Ladies take aim while the men watch, ca. 1900 Newhall.
Determining the date and exact location requires some detective work, because all we've got to go by is the photo itself, which comes from a grouping of old Newhall photos.
We think the orientation is correct because the buildings probably wouldn't work if the photo were flopped.
We don't think we're east of downtown Newhall looking west, because we'd probably be standing on a hill, and again, the buildings wouldn't work.
If we're west of Newhall looking east, then the Newhall School should be off to the left, separated by one or two city blocks from the town and it is. The third blurry building from the left appears to be the second Newhall School (1890-1914) at Walnut and 9th Street (or on Walnut between 9th and 10th, aka Pico Road, later called Lyons).
The peaked roof to the viewer's immediate right of the shooter's raised left elbow (the trigger arm) looks like the back of the facade of the Oil Exchange saloon. From this angle, the Newhall depot should be behind and to the viewer's right of the Oil Exchange, and the Derrick Saloon (later called the Rendezvous or VU bar) should be behind and to the viewer's left of the Oil Exchange, at an angle. All of this appears correct.
We don't see the original Southern Hotel, and that's good, because it burned down in 1887, before the second Newhall School came along.
One thing that seems peculiar is the railroad flat car to the left of the town. It looks like it's in front (west) of the town. The tracks are to the east of (behind) the buildings, out of view. That might just be a matter of perspective, or we could be wrong about the horizontal orientation (although that would be unusual, because there's no question about orientation with other photographs from this grouping).

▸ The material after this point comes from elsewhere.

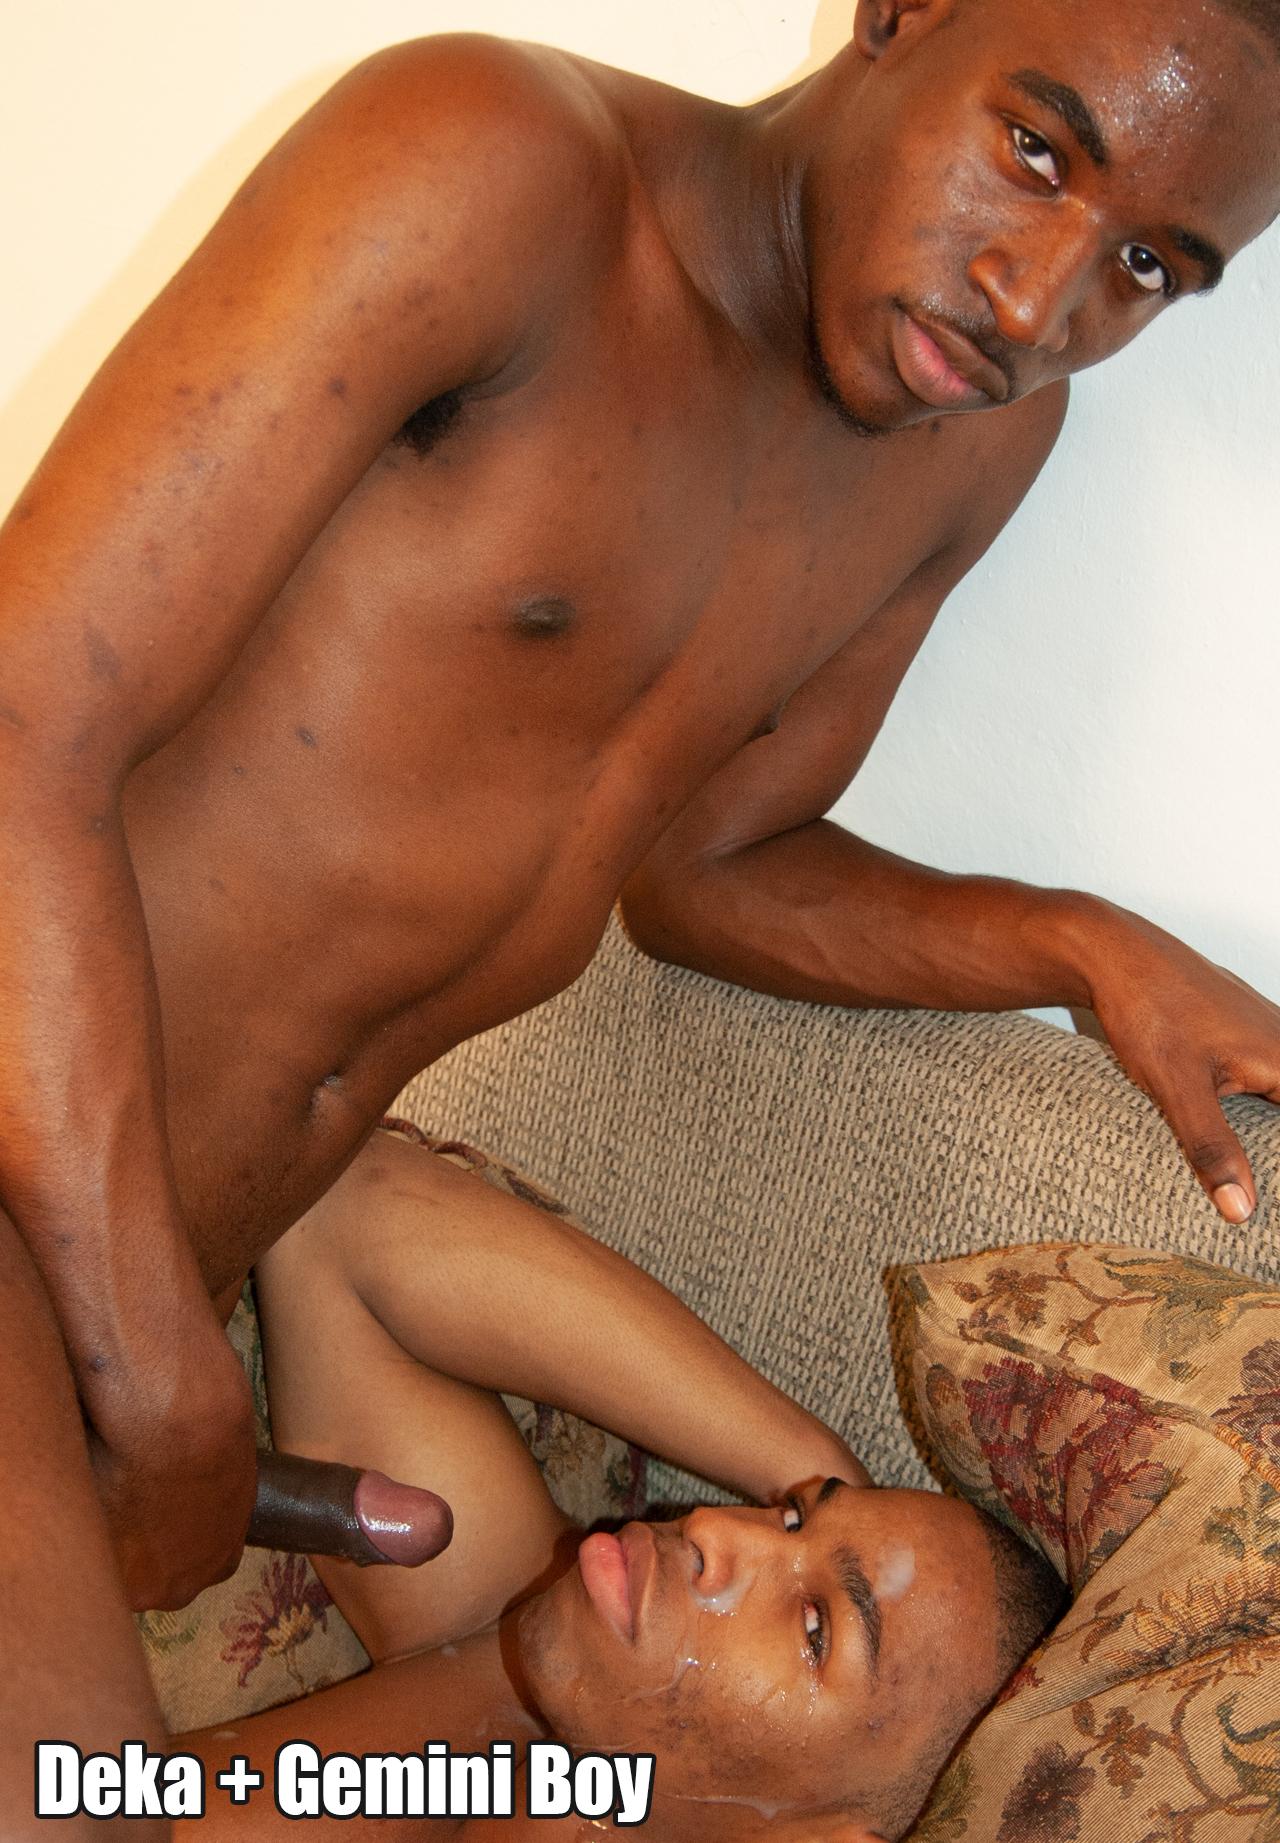 Deka & Gemini Boy

So where is this? There seems to be quite a distance between the people and the town; the hill where Bill Hart built his mansion in the 1920s, and/or the hill behind modern-day Heritage Junction, must be to the photographer's back.
As for the date, we're guessing the guy on the right isn't checking his text messages. We'd like to say 1890s, but there seem to be an awful lot of power poles that don't show up in other Newhall photos from the 1890s. Somewhat later, around 1900, is probably a better guess.